Discussion of PDF conversion in latest draft from Jason White on 1998-11-18 (w3c-wai-gl@w3.org from October to December 1998)

From: Jason White <jasonw@ariel.ucs.unimelb.EDU.AU>
Date: Wed, 18 Nov 1998 17:34:23 +1100 (AEDT)
To: WAI Markup Guidelines <w3c-wai-gl@w3.org>
Message-ID: <Pine.SUN.3.95.981118172148.7496D-100000@ariel.ucs.unimelb.EDU.AU>

The treatment of publicly available PDF conversion tools in the latest
draft of the guidelines has disturbing implications, in so far as it
suggests that simply extracting the text from a PDF file and making it
available as HTML, without any further editing, is sufficient to create an
adequately accessible version. It is my understanding that none of the
available PDF conversion systems can actually recognise the inherent
structure of the document; they certainly can not automatically generate
ALT text and descriptions of images that may be present in the original
file.

PDF conversion yields a minimally accessible document, at best. It would
then need substantial editing to introduce proper structural markup and to
provide textual equivalents to visual content, provide appropriate markup
of tables, etc.

The same comment also applies to conversion from postscript, RTF (except
where style sheets are used carefully), word processor formats, etc., in
which the structure is not preserved in the original format and needs to
be re-introduced manually. I am concerned that authors may think they can
run a straightforward conversion and thereby overcome the access problem.

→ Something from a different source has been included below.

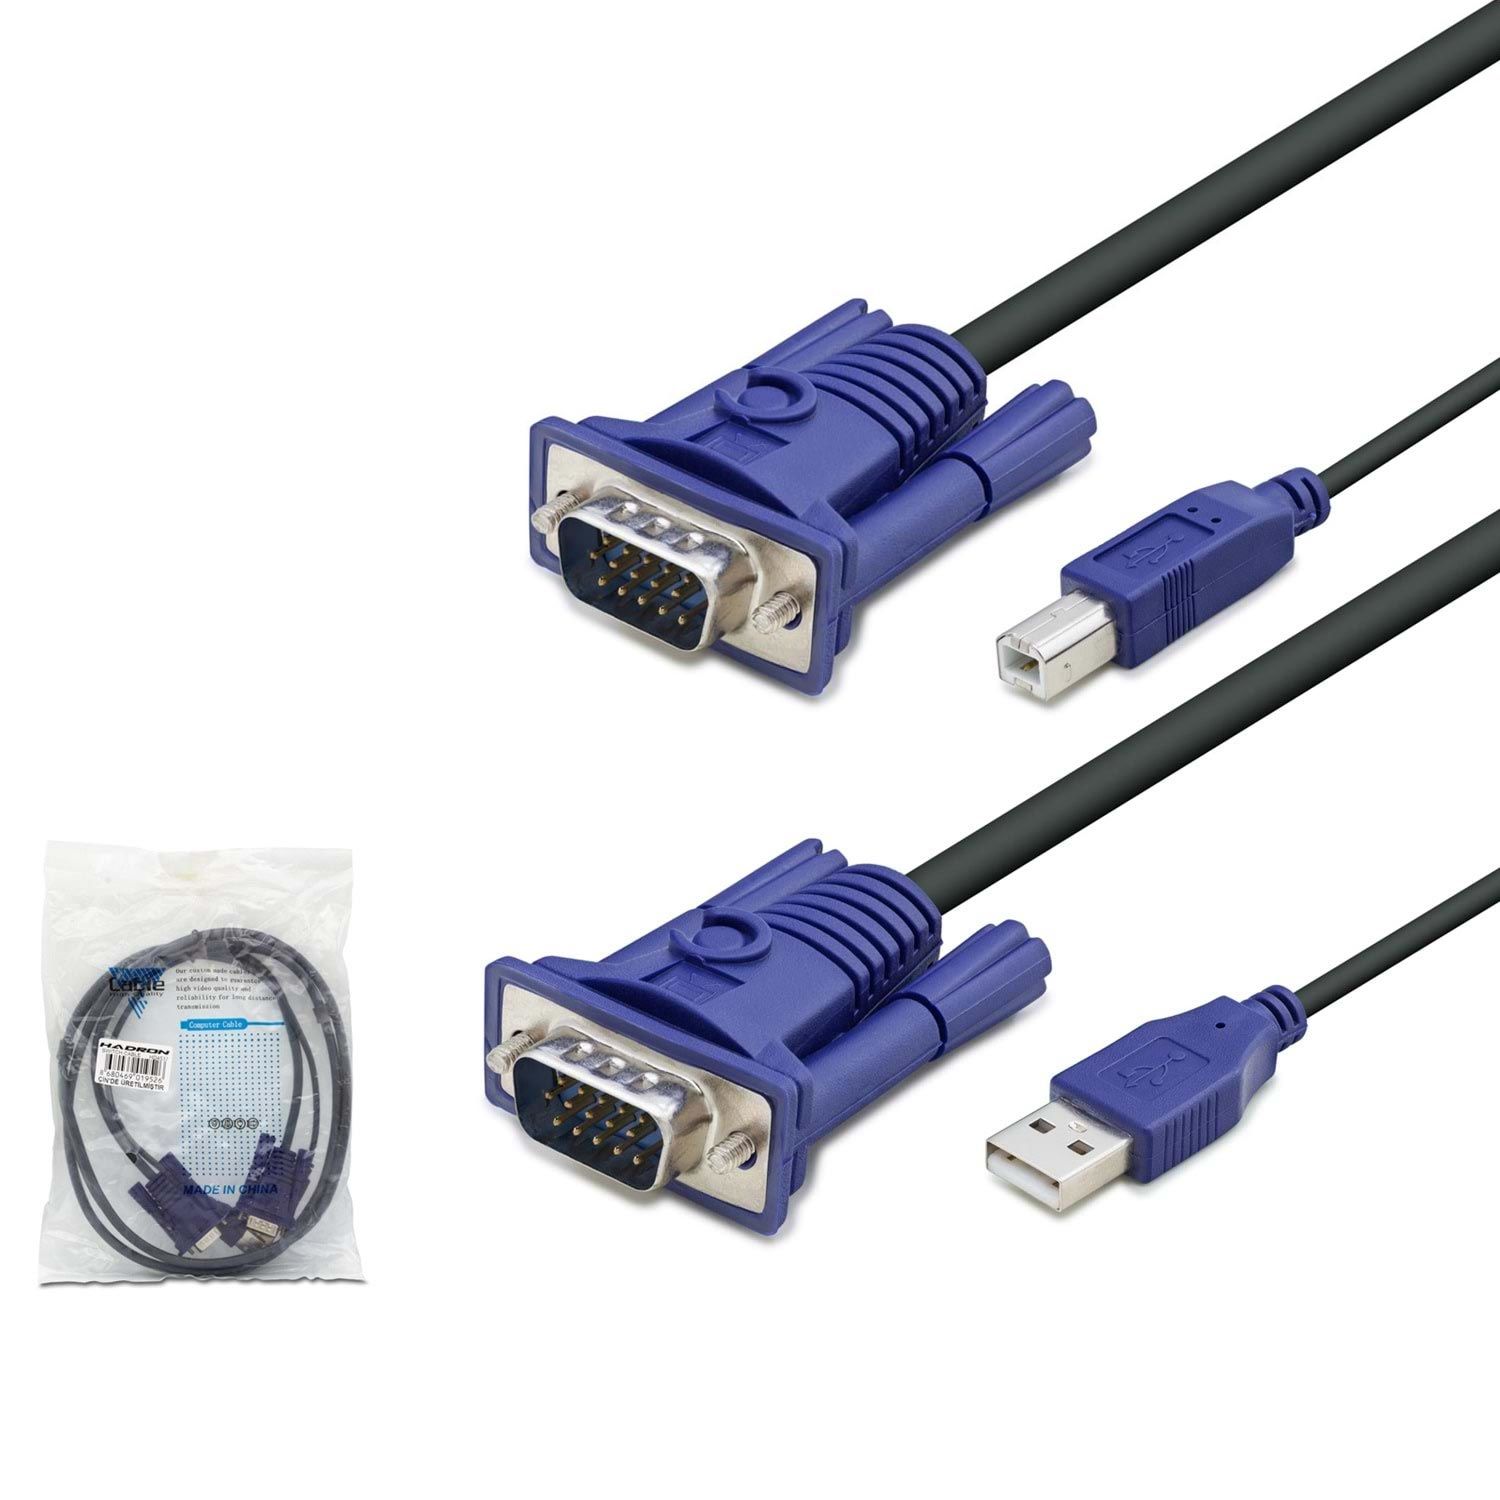 SWITCH KABLO (VGA TO VGA USB TO PRINTER) HADRON HD-4537
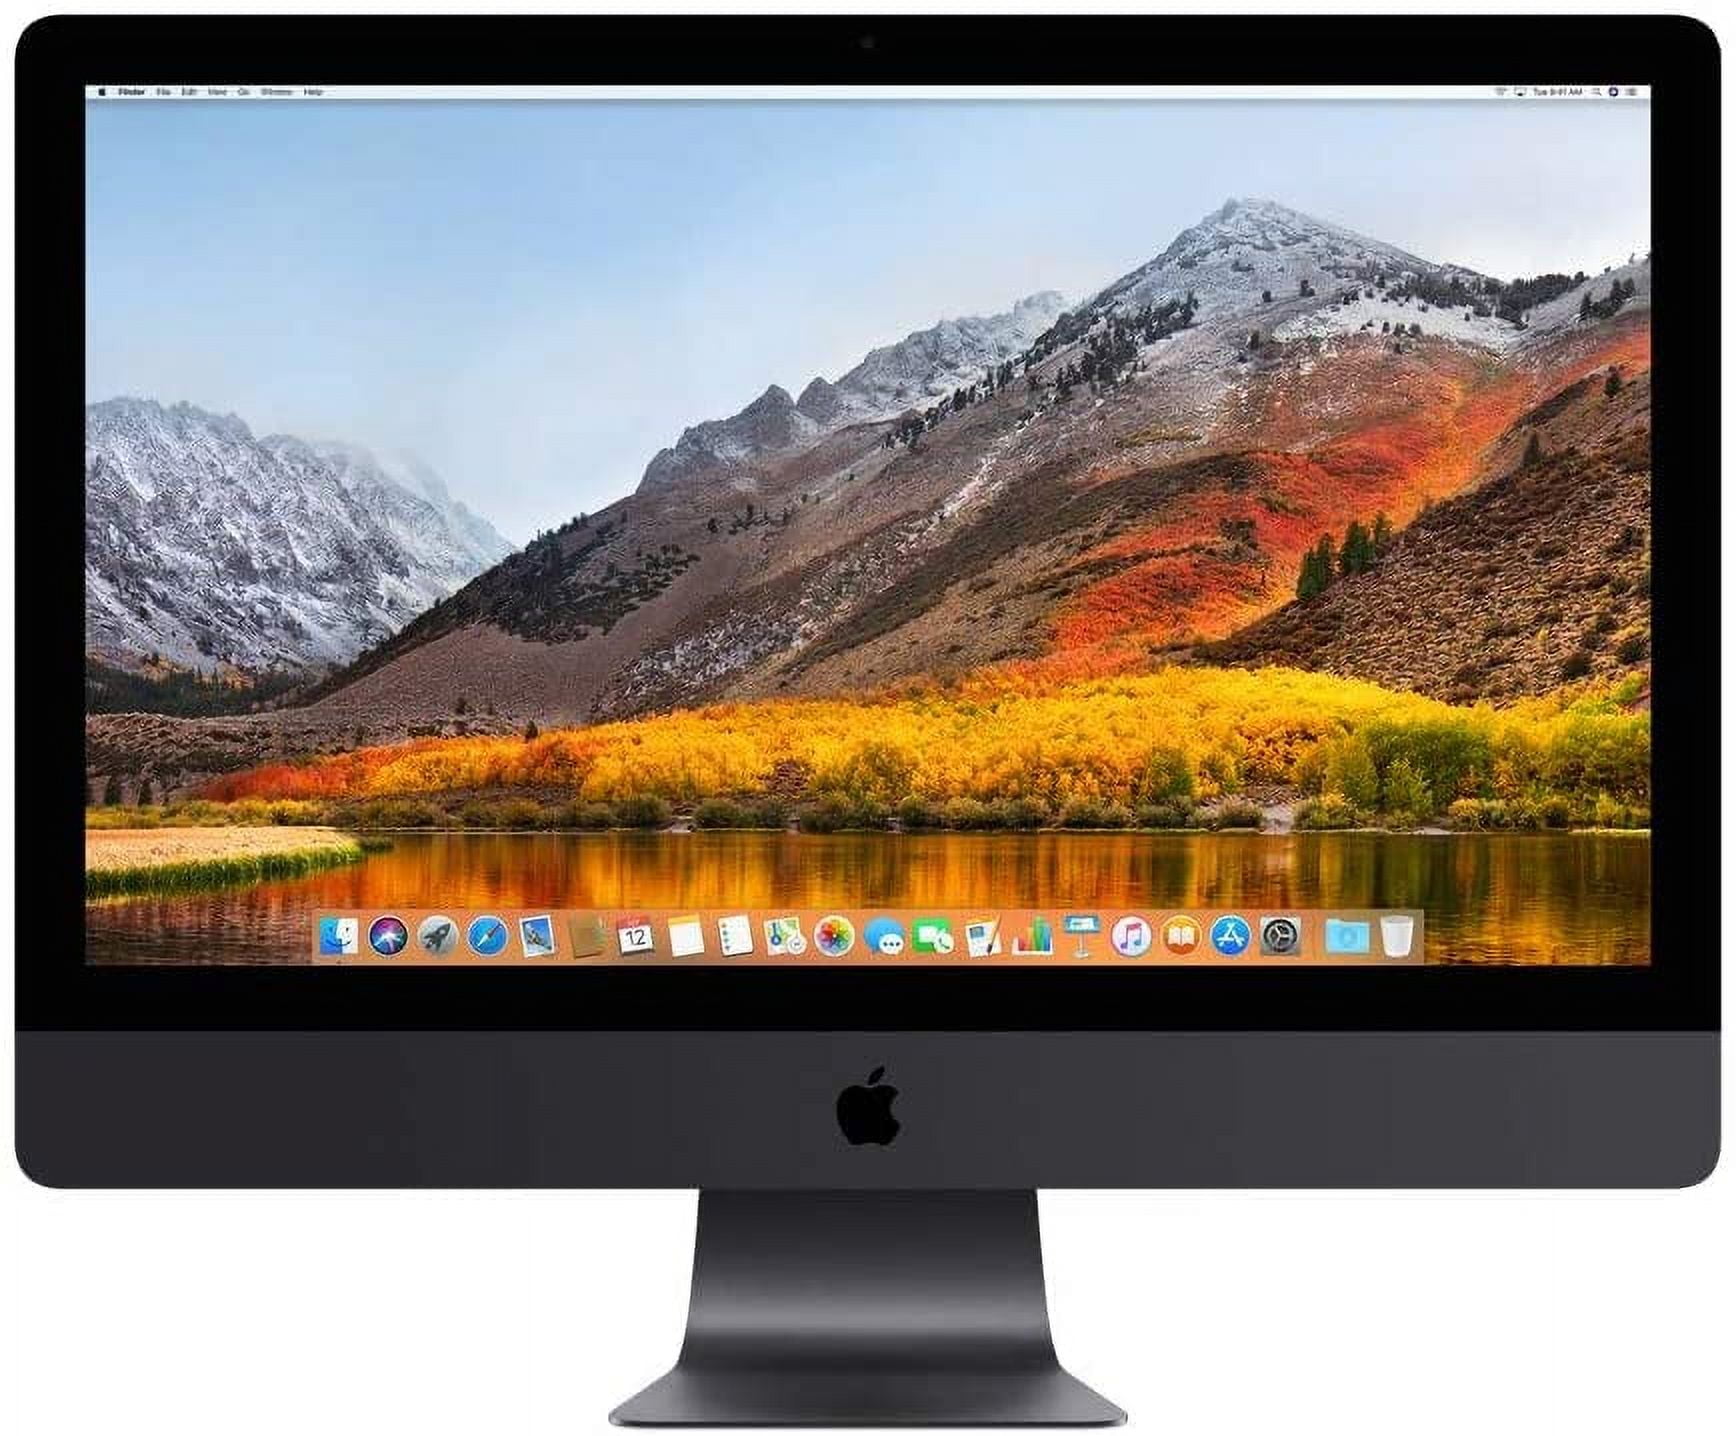 Apple iMac Pro 27in All-in-One Desktop,Intel,32 GB, Space Gray (MQ2Y2LL/A)  (Renewed)1000 GB,macOS High Sierra

Of course, the real solution is to create PDF, HTML etc., in parallel,
starting from a well marked up source file (in XML for example).

None of these comments is intended to detract from the high value of
Adobe's accessibility efforts and their demonstrated commitment in this
regard. PDF is just being cited as one among many examples.

Received on Wednesday, 18 November 1998 01:34:28 UTC